Agents of the U.S. intelligence community were left confused and scared Wednesday morning when, upon beginning their routine surveillance of unconstitutionally-tapped digital communications, they found that high school sophomore Roy Cavendish had foiled their efforts by placing a single strip of masking tape over his laptop’s camera.
“We don’t know what to do,” stated National Security Agency director Michael Rogers in a rare press conference.
“This is unprecedented.”
After a brief pause, Rogers — who seemed on the edge of tears — announced that he would not be taking any further questions on the matter, but that a comprehensive reevaluation of NSA policies and capabilities was already underway.

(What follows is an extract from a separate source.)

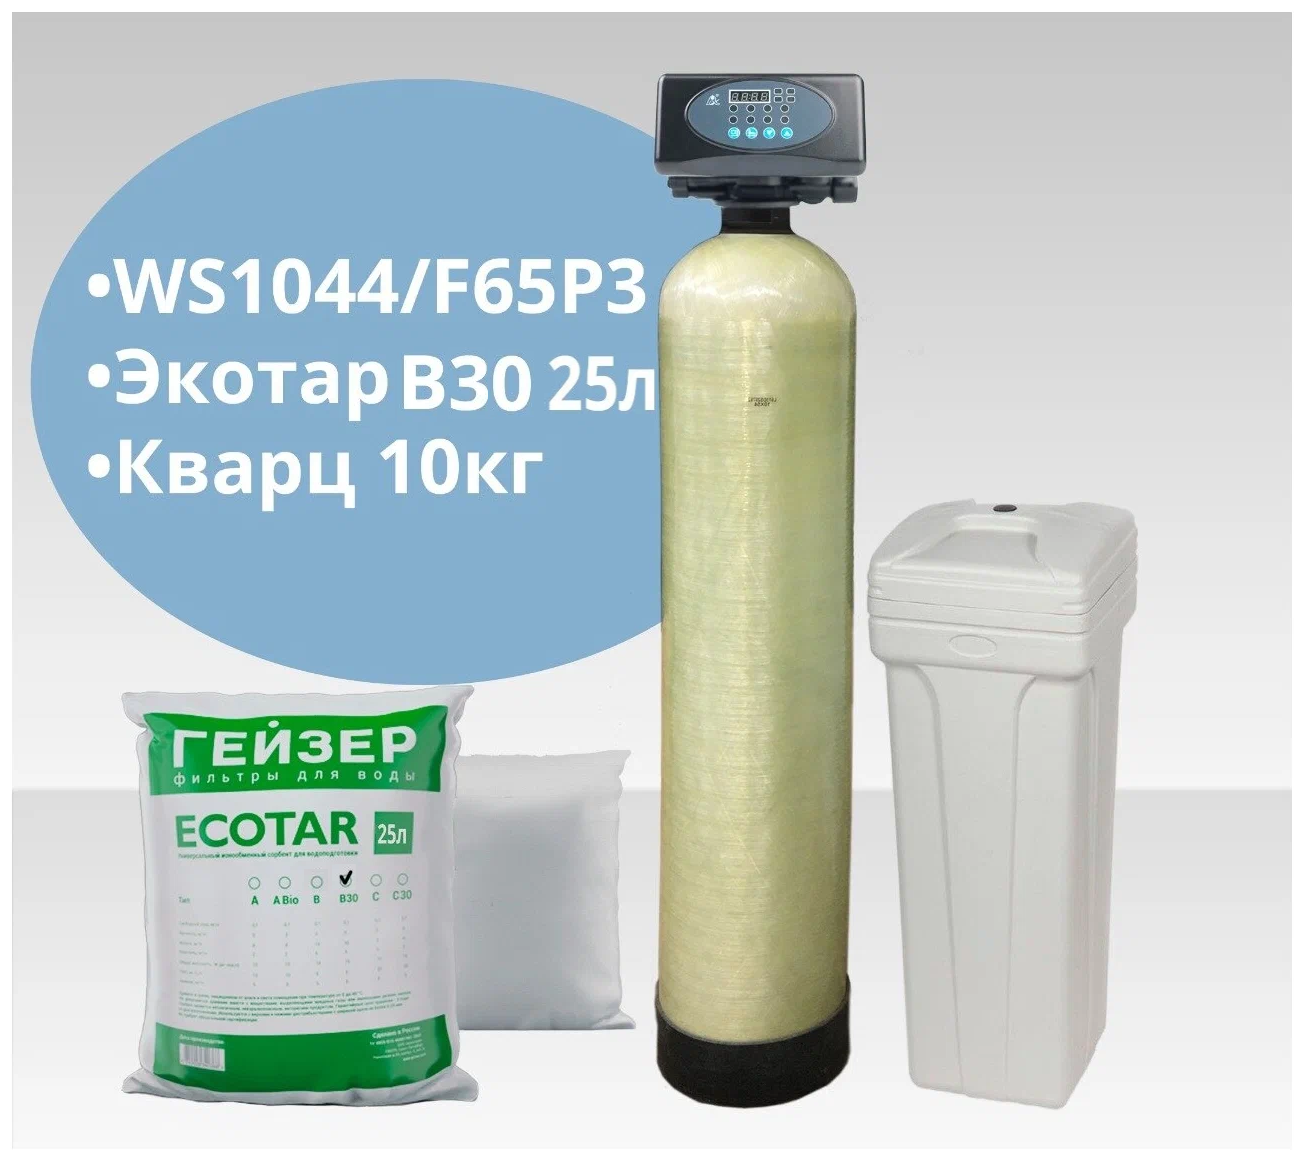 Установка WS1044/F65P3-A (Экотар В30) обезжелезивание и умягчение воды
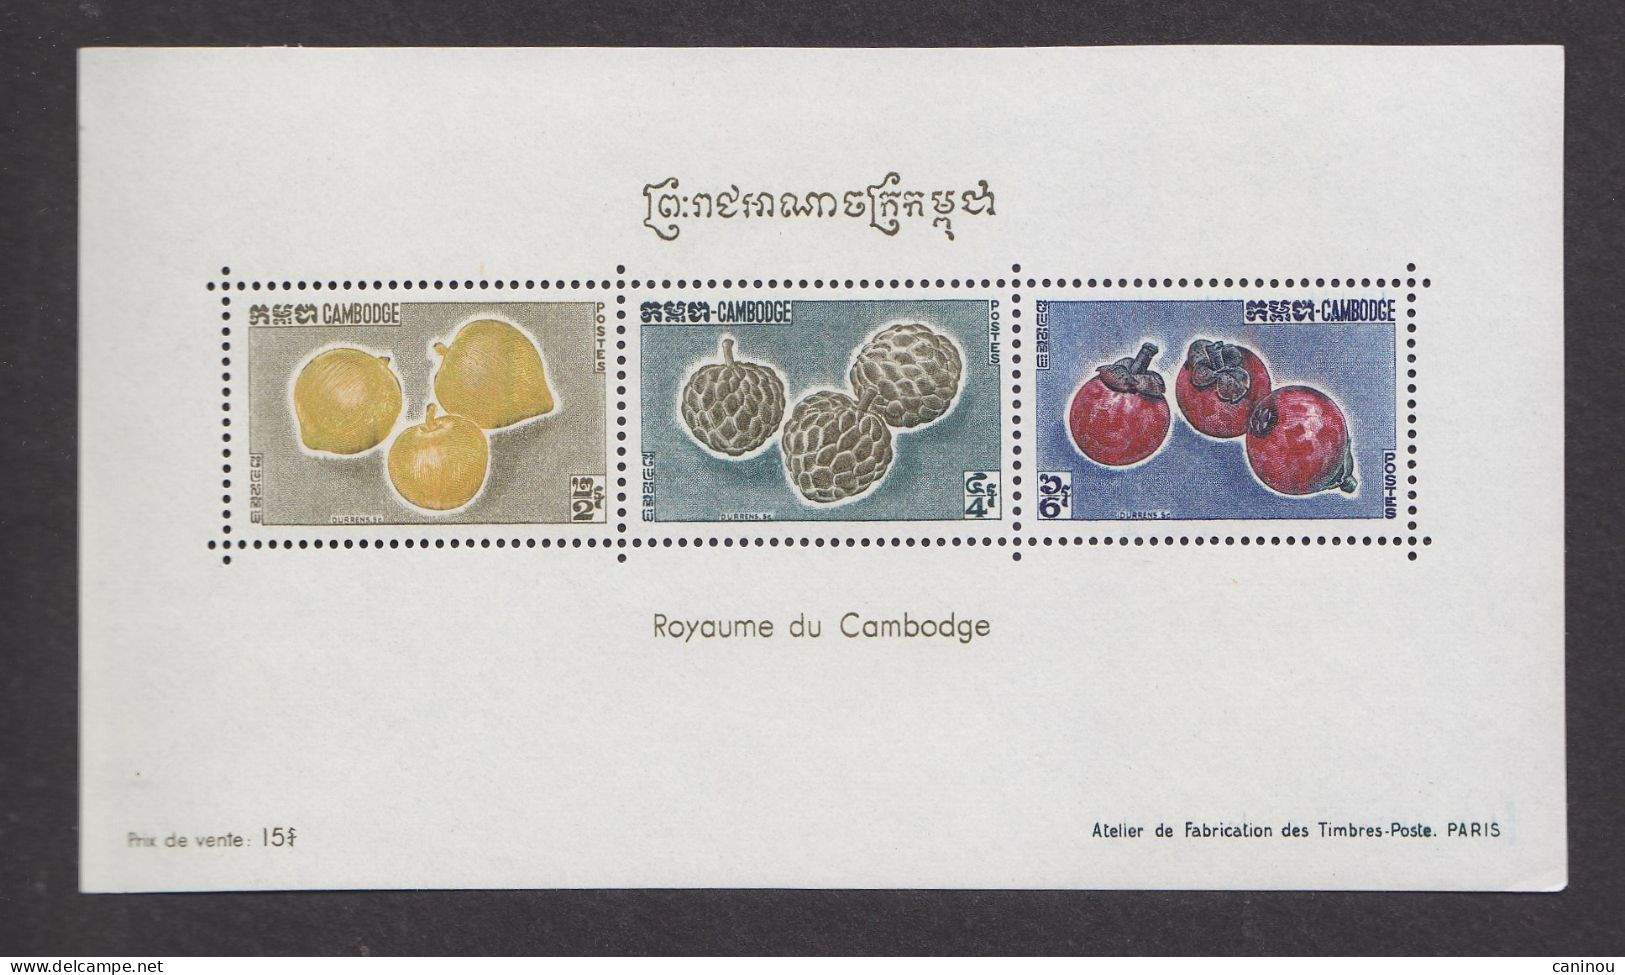 CAMBODGE BF 23 FRUITS 1962 NEUF SANS CHARNIERES - Cambodge

“We don’t know how, but we’re going to get to the bottom of this,” Rogers said with a sniffle.
“Whether it’s a bloodthirsty ISIS jihadi or a horny, unemployed teenager, we will overcome whatever obstacles they throw in our path.
Eventually.”
The agency, which has been covertly monitoring Cavendish’s digital footprint for over three years now, reportedly contacted the FBI, CIA, and Department of State while searching for a means through the tape. None could find a solution.
“Whoever this anti-American prick is, we’re going to subvert his methods and destroy him,” threatened CIA director Mike Pompeo through gritted teeth. “The intelligence community has no time for bullshit — the fate of our country could very well be at stake.
”
Cavendish, however, was unconcerned.
“I just didn’t want those creeps watching me while I’m jerking it,” the pimply teen explained.
“So I put a bit of tape over the lens. That outta stop ‘em.”
At press time, the NSA had finally resumed collecting Cavendish’s data after the high schooler had to peel the tape off to Skype his grandparents.